94年のジェノサイドで国の危機に陥ったルワンダですが、カガメ大統領の強力なリーダーシップの結果、2000年以降、急激な経済成長を遂げています。それと並行して政府の汚職の少なさも実現でき、2019年のランキングでは51位(日本は20位)とガバナンス能力が高く評価されています。このような政府の統治能力が向上することで経済発展にもつながっているという評価もあるようです。個人的な感想ですが、新しい建物が増えている、新車が増えているの印象はありますが、個人の収入はそれほど高いとは言えず、購買力も高くなく、職に就けない人も沢山見かけるところを見ると、実際の経済成長ほど発展してないのかと思っています。これまで勤務した国に比べ、私におカネを貸してほしいと言ってくる人は少ないのは、新鮮な驚きですが…

いずれにしても、汚職は1円であっても渡した方、受け取った方とも逮捕され、新聞で名前や罪の詳細を公表されます。このようなことも抑止力になっており、汚職が減っているのは事実のようです。そんな国がある反面、我が祖国日本では、個人の利権を守るため、汚職がなくなることもない。日本での汚職の構造は、権利や利権を手に入れた税金で食っている議員・公務員や、それにあやかり甘い汁を吸え、儲けをたくらんでいる会社役員や一部団体など。これを書きながら、自分がそのような接待や利権や札束やハニトラなど甘い汁を受けた経験がないことは、世間に役に立っていないのかって、がっかりしてます。(もっと言うと、料亭や銀座のクラブ、新幹線のグリーン車なども未経験の50過ぎの親父です。情けない……話しを戻します。

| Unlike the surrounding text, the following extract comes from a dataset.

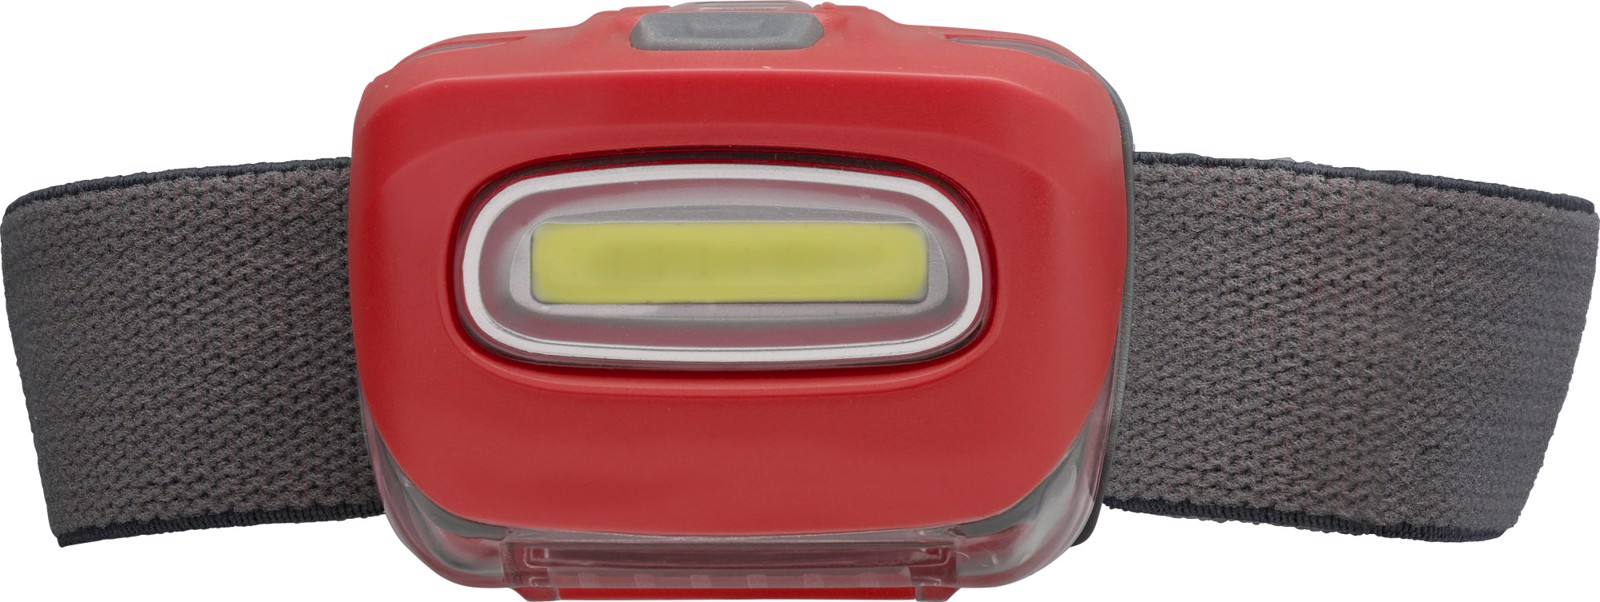 ABS head light - Red

さて、前回の記事で大臣等主要ポストの若手人材登用の報告をしましたが、実は能力重視主義で期待通りの仕事をしないと更迭や交代がよく行われます。大臣等に限らず公務員は、自分の仕事に対する結果を、厳しく評価される制度があります。その制度が2006年から開始されたImihigo(イミヒゴ)というもので、これは、大臣なら大統領に業務目標や成果を決め、公務員なら上司と仕事の成果を約束する制度です。1年毎にそれが評価され、実績を残さないと更迭。反面実績を残すと大きく表彰されるという制度で、目に見える実力主義。成果重視主義のルワンダは結果が全てという、厳しいが分かりやすい国になっています。日本の国会議員や地方議員は、議員立法をどれだけ作ったかによって、評価されたらいいと思います。批判しかしない人より、建設的な対案を出すようになればいいと思います。また、話しがそれましたので本題に戻します。

大臣と仲間たち
大臣(前列左から3番目の女性)などCPたち。全員、Imihigoを背負い仕事しています

このImihigoが与える影響もあり、大臣・公務員はこれまで滞在した国に比べて、しっかり自分の仕事に対する役割・義務を果たそうとしているという印象があります。また、1円でも汚職が発覚すると逮捕という厳しい法律もあり、国に不利益を与えることは決して許さないという大統領の強いメッセージのとおり、大虐殺から復興している意味ではこのような厳しい環境は重要なのかと感じています。プロジェクトのCPもImihigoの評価の季節になると、プロジェクトの成果をImihigoに反映するためのレポート作成に仕事がスタックすることもあります。反面、この制度はある意味、仕事の自覚と責任感を持てるきっかけにはなっているかなと、復興途上のルワンダで仕事して感じました。また、プロジェクトの目標をそのままCPのImihigoに活用すれば、日本側にとってもCPのやる気度や貢献度も違ってくるので、うまく活用できればと思います。今後ルワンダに派遣される方は、この制度をうまく活用してみられたらと思います。